The High Plains Aquifer, one of the largest freshwater aquifers in the world, supports nearly 30 percent of U.S. irrigated agriculture. The area exemplifies groundwater challenges found worldwide, namely how to sustainably manage an aquifer at a time of increasing demands from food production, drinking water consumption, urbanization and climate change.
Achieving better aquifer management in the future will require a comprehensive understanding of the region’s climate, soils, agronomy, hydrology, socioeconomics and water governance. For this purpose, in 2015 the USDA provided a $10-million, four-year grant for the Ogallala Water Coordinated Agriculture Project (OWCAP), led by Colorado State University with the Nebraska Water Center (NWC) and the University of Nebraska among project partners, including Kansas State University, Oklahoma State University, New Mexico State University, Texas Tech University, West Texas A&M University, Texas A&M AgriLife and the USDA ARS.
The USDA funding is being used to develop and share practical, science-supported information about best practices for irrigation, crop and soil management, and economics, policy and decision-making.
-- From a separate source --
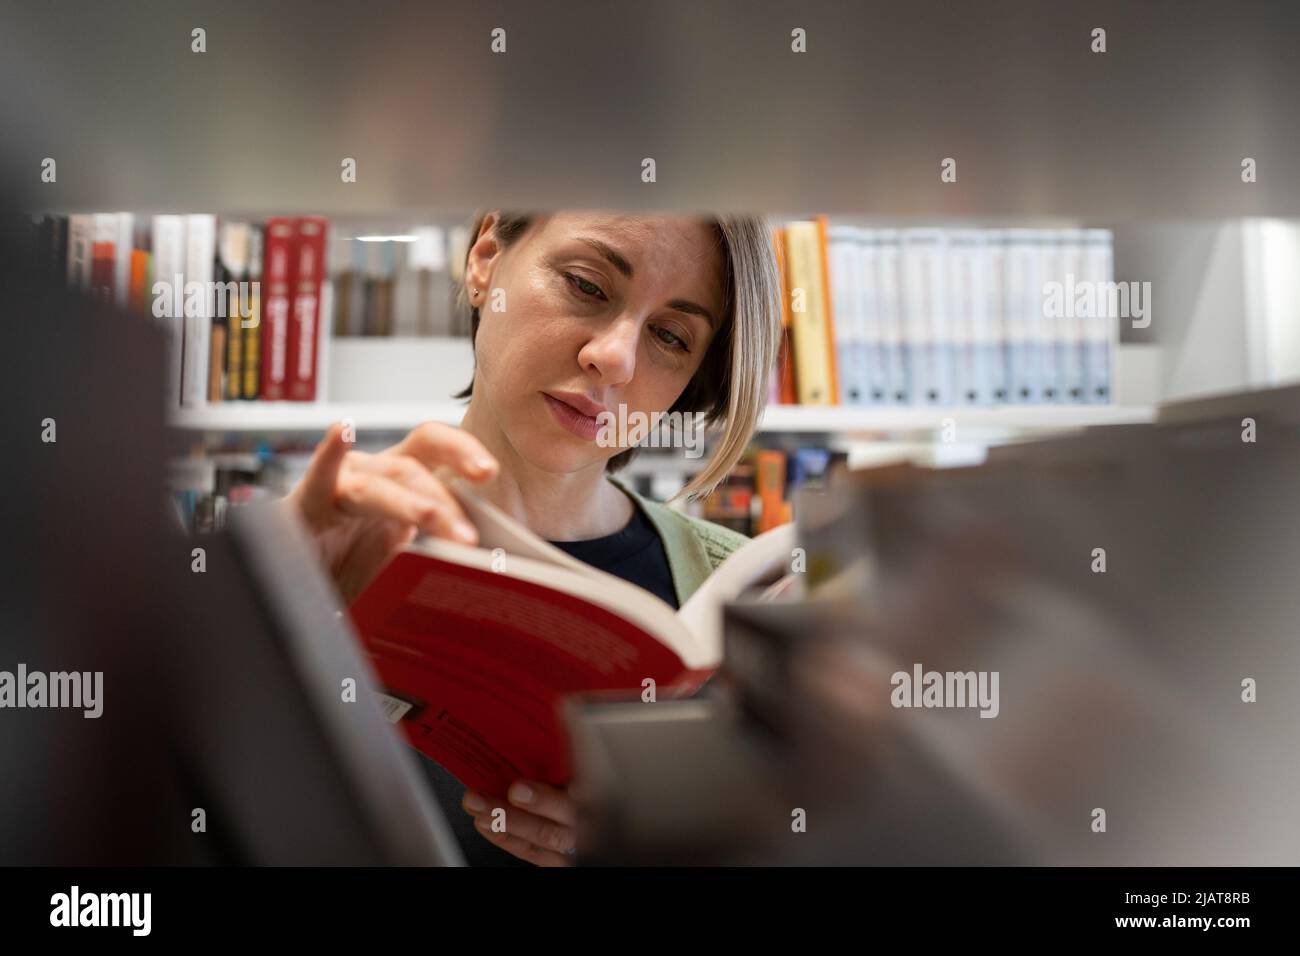 Donna scandinava di mezza età che sceglie il libro di testo, cercando la letteratura mentre si prepara per l'esame Foto Stock

The NWC, part of DWFI, leads the University of Nebraska’s efforts in this project.
In FY2019, NWC postdoctoral research associates contributed groundwater and crop modeling expertise that strengthened the project. Their models for corn, soybean and winter wheat helped project economists run scenarios to understand the impact of future management decisions on groundwater levels.
Team members are sharing findings through published articles that become a part of permanent scientific scholarship.